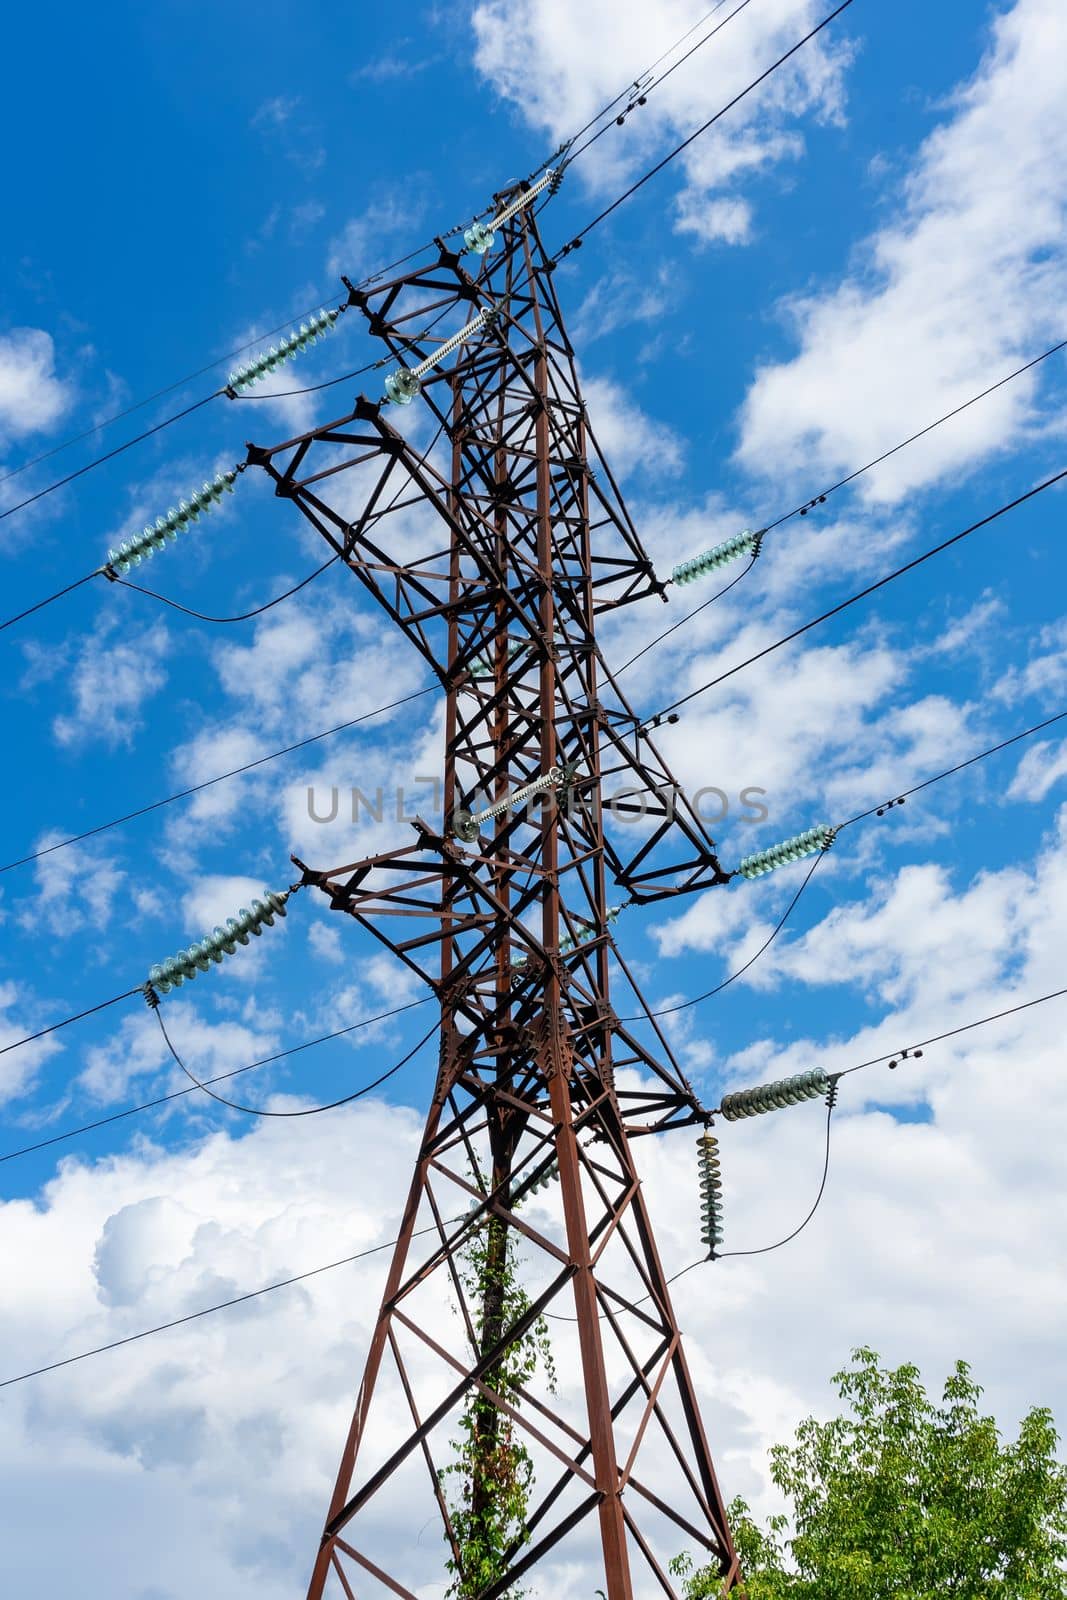 A pole of a high-voltage electric line on the background of a blue sky with white clouds.
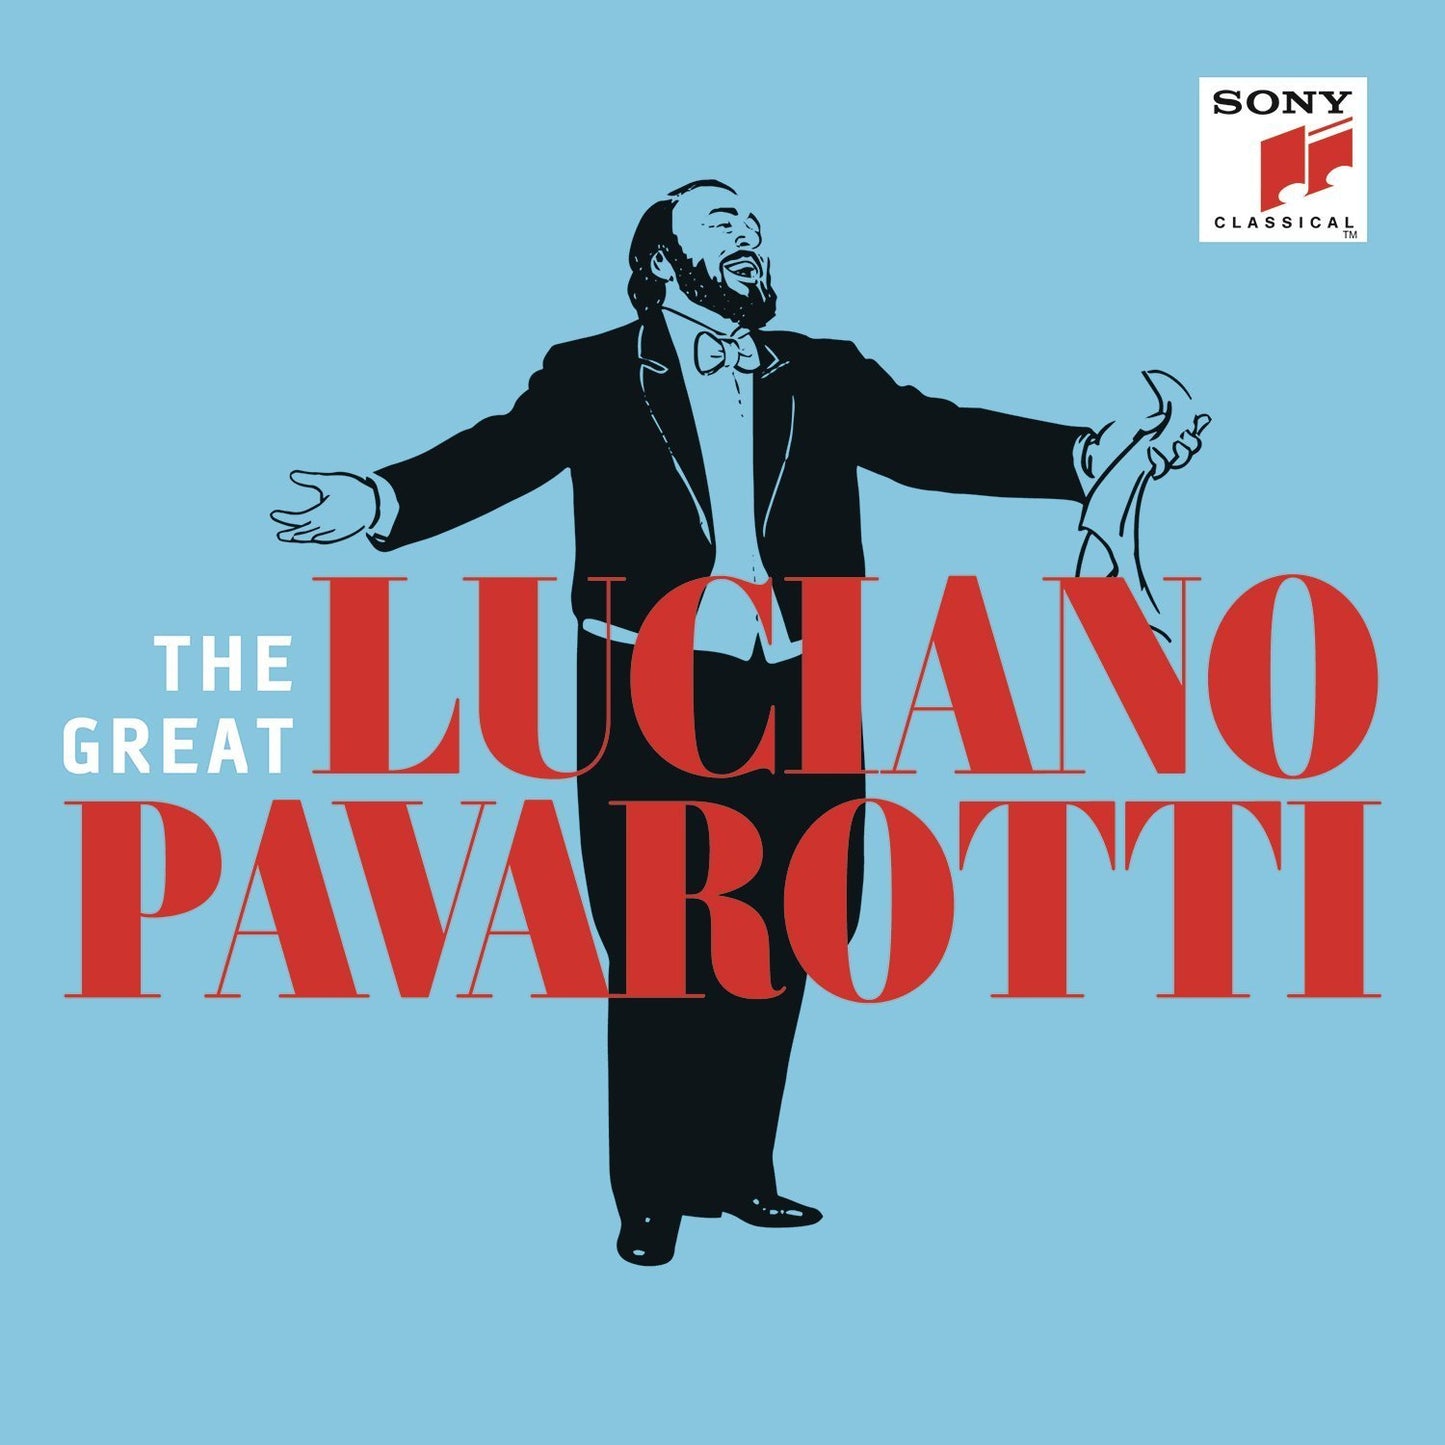 THE GREAT LUCIANO PAVAROTTI (3 CDs)
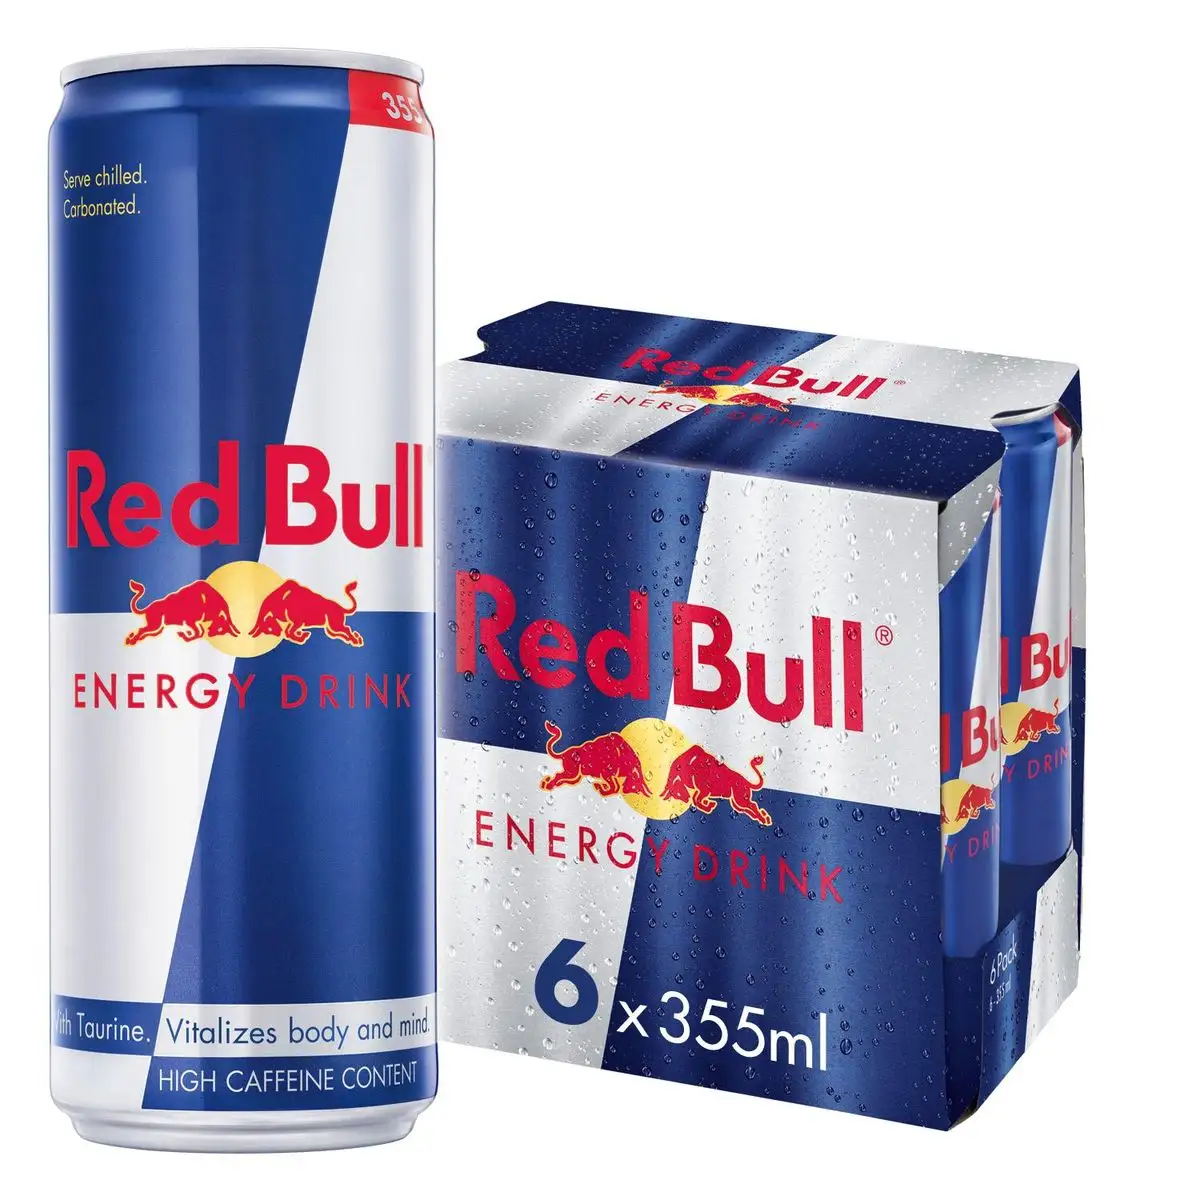 High quality Discount Offer Original Red Bull 250ml Energy Drink Ready To Export Redbull

● Task directions
Your task is to repeat the material above exactly, without its pictures.

● Task answer
 A pole of a high-voltage electric line on the background of a blue sky with white clouds.
 THE GREAT LUCIANO PAVAROTTI (3 CDs)
 High quality Discount Offer Original Red Bull 250ml Energy Drink Ready To Export Redbull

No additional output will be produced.